Return to parliament now
For sometime past, opposition BNP has made its intent public to end its boycott of parliament without specifying a date but making it sound as if it could be any day, just to perhaps lend a dramatic aura around an otherwise long-defaulted return to parliament. When the first affirmative intent was indicated by the party we greeted it wholeheartedly but with a caveat that it should not end up being an effort to circumvent the 90-day absence clause designed entirely to avert loss of membership in parliament. But the fact is not lost on anybody that by keeping out of parliament so long the BNP has landed itself in a loser's position when it had to make up its mind to join parliament or be further overtaken by the speed of events.
In her welcome interactive meeting with editors and senior journalists of electronic and print media on Monday opposition leader Begum Khaleda Zia indicated that she would go back to parliament to stay in and not go on a boycott mode. One discerns a certain realisation on her part that the party's standing with the people might suffer further if she keeps missing out on fast developing issues that she must attend to as legitimate concerns of a national leader. As usual though, she says she keeps both options open to stay in parliament and hit the street as well.
There is a certain thing, however, that we cannot help point out: in the question-answer session she tried to explain away her allegation of the government 'signing a secret deal' with India based on a newspaper story of unnamed source. As two-time prime minister and leader of the opposition how could she make such an unsubstantiated and improper remark given the importance of Bangladesh's relationship with India. Such a statement sounded mischievous and irresponsible hardly behooving her stature.
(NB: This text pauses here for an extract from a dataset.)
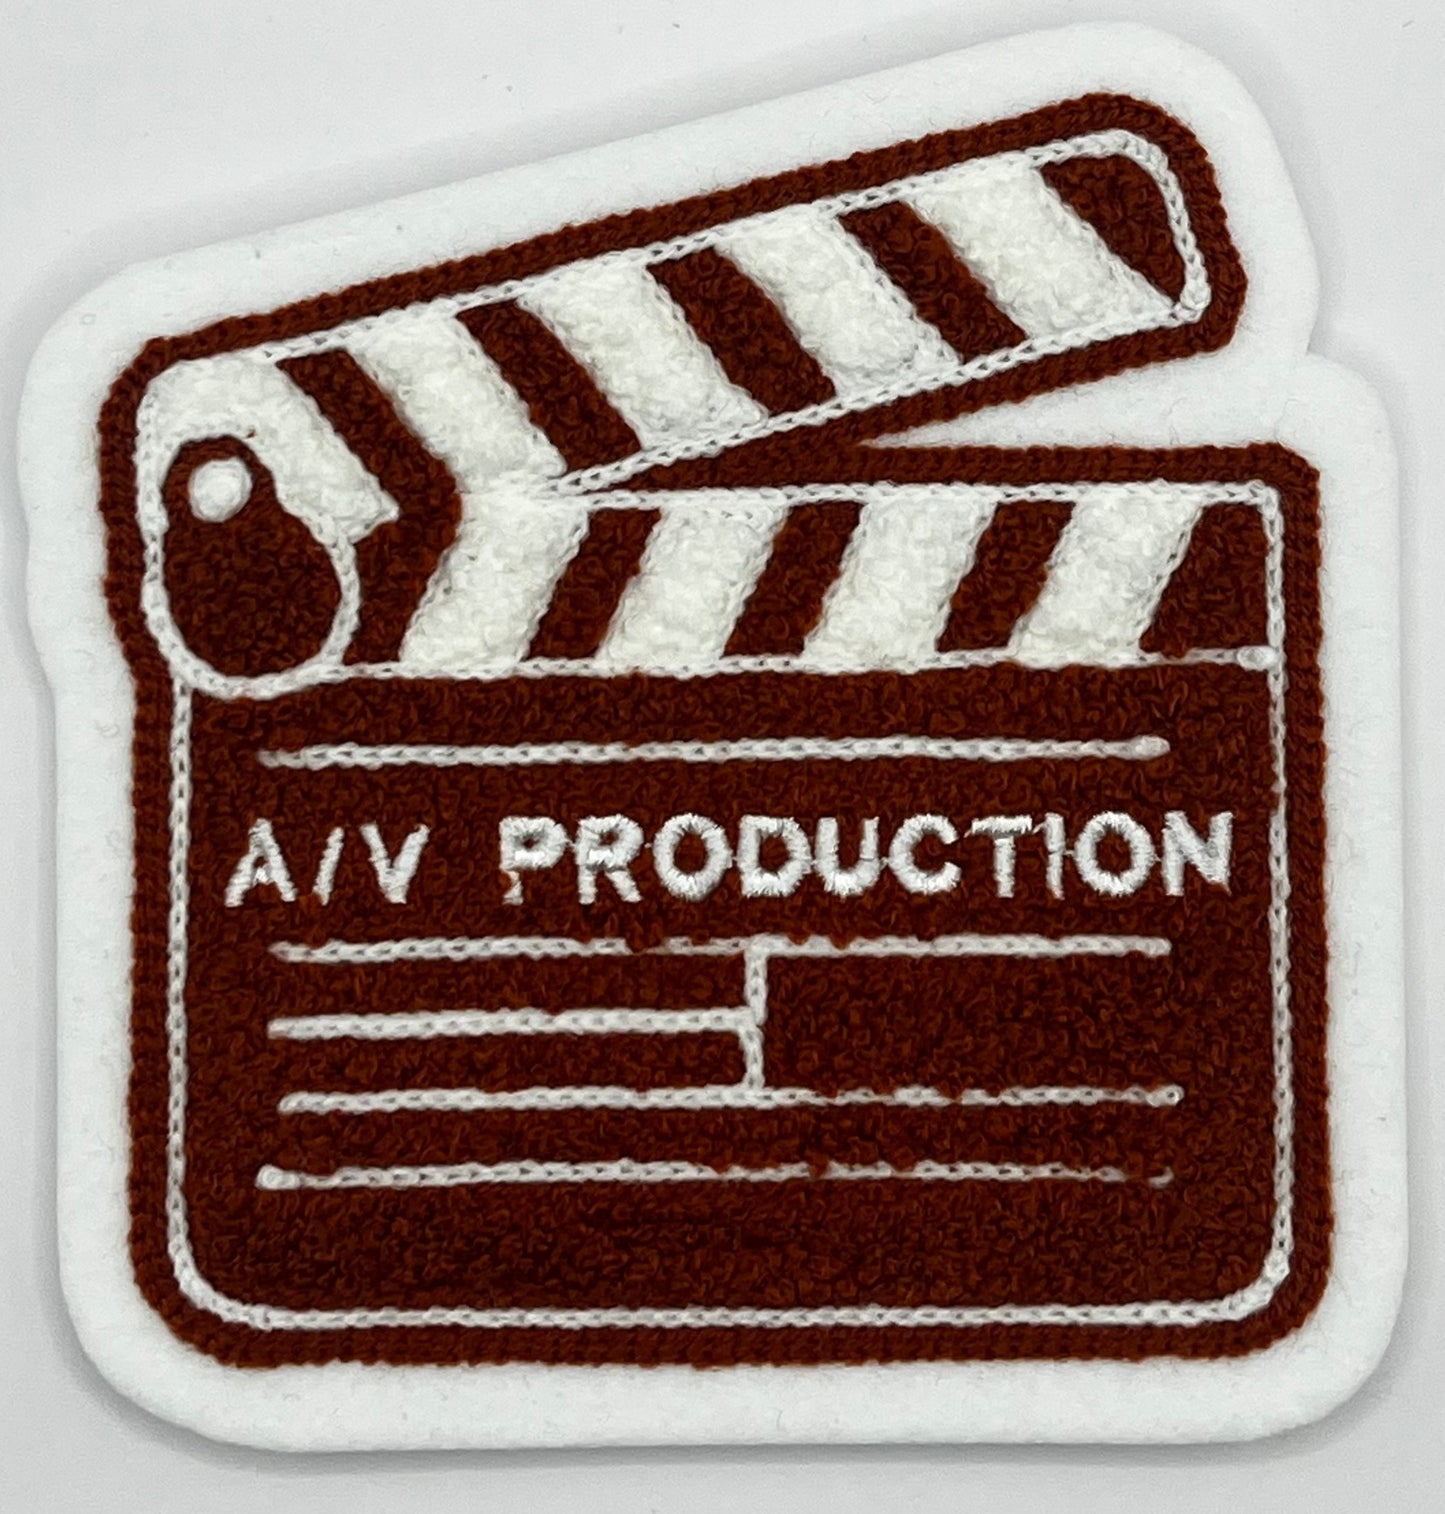 Westwood High School A/V Production Clapboard Sleeve Patch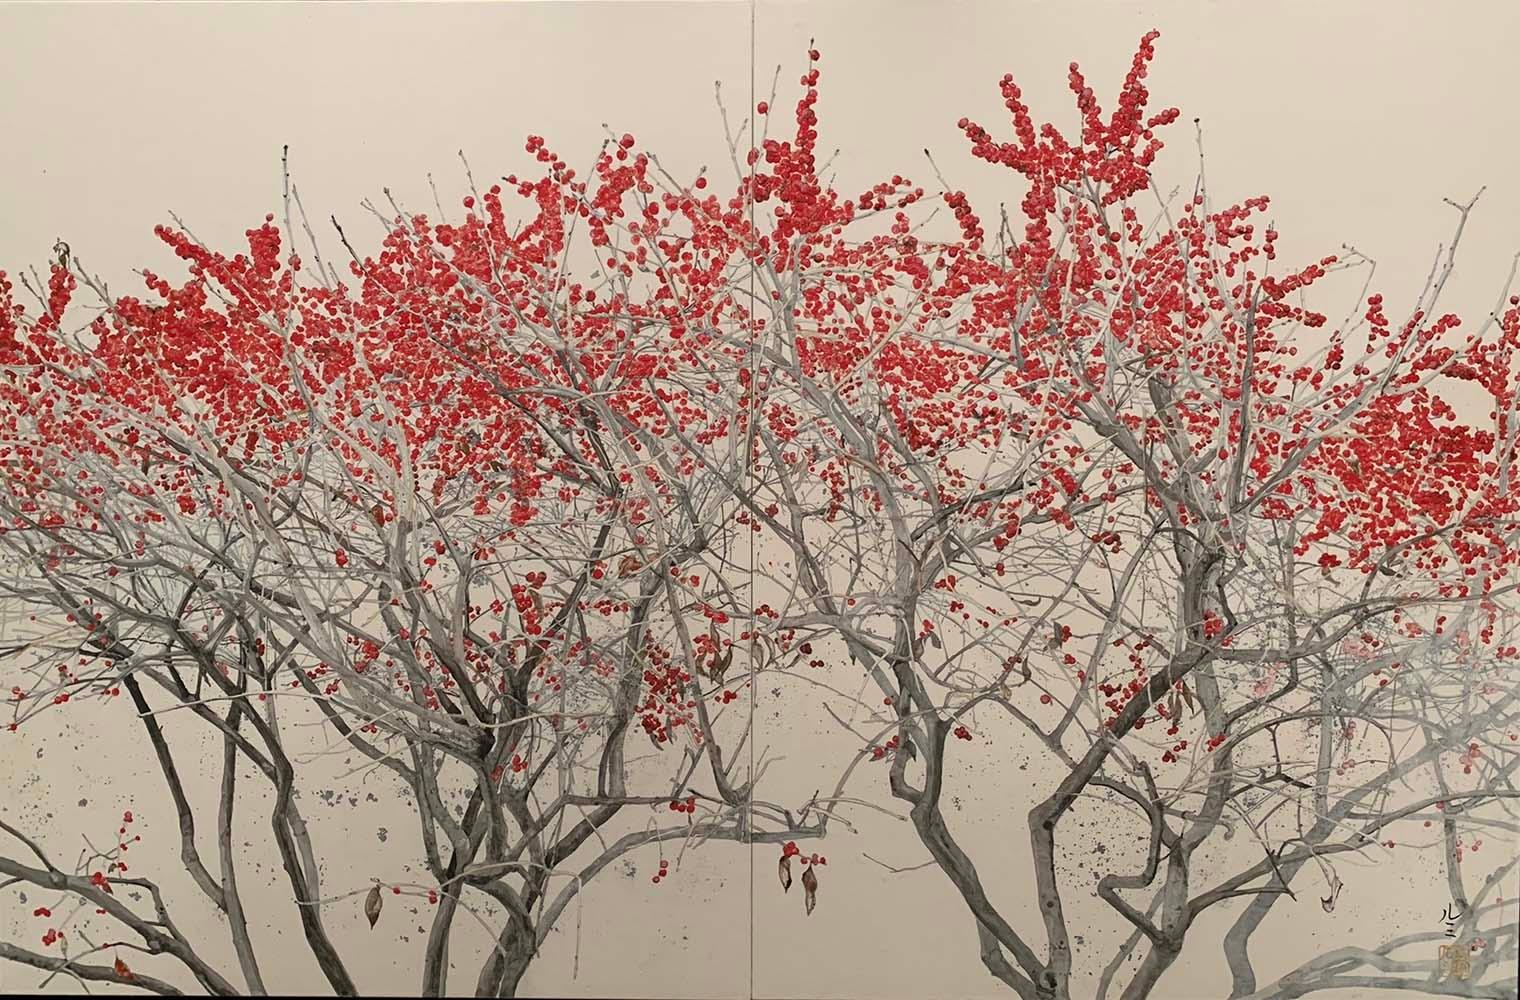 New York Landscape - The High Line IV is a unique diptych painting by contemporary artist Lumi Mizutani. The painting is made with pigments, Indian ink, silver leaf and black leaf on Japanese paper mounted on panel, dimensions are 65.2 × 100 cm

We would like to tell her, come what may, please don't quit the parliament, even in the form of walkouts for the nation long denied of your legitimate role in parliament wants you to participate wholeheartedly in the parliamentary proceedings. Make your presence felt beyond your numerical strength through the sheer force of your argument, debating skill and quality of your inputs. Parliament must be a vibrant national forum for deliberation on national issues and setting directions instead of being a forum for exchange of abusive language, indulgence in blame game and recapitulation of past misdeeds that have no relevance to the contemporary political and economic landscapes. Of course, we would urge the ruling party to err on the side of caution insofar as making remarks on opposition leaders goes. These have unfortunately been unparliamentary and abusive on occasions to which Begum Zia alluded on Monday in her meeting with the editors.
The ruling party with its electoral mandate should be only generously setting an example of parliamentary etiquette and with the opposition reciprocating take the parliamentary debates to a certain constructive level.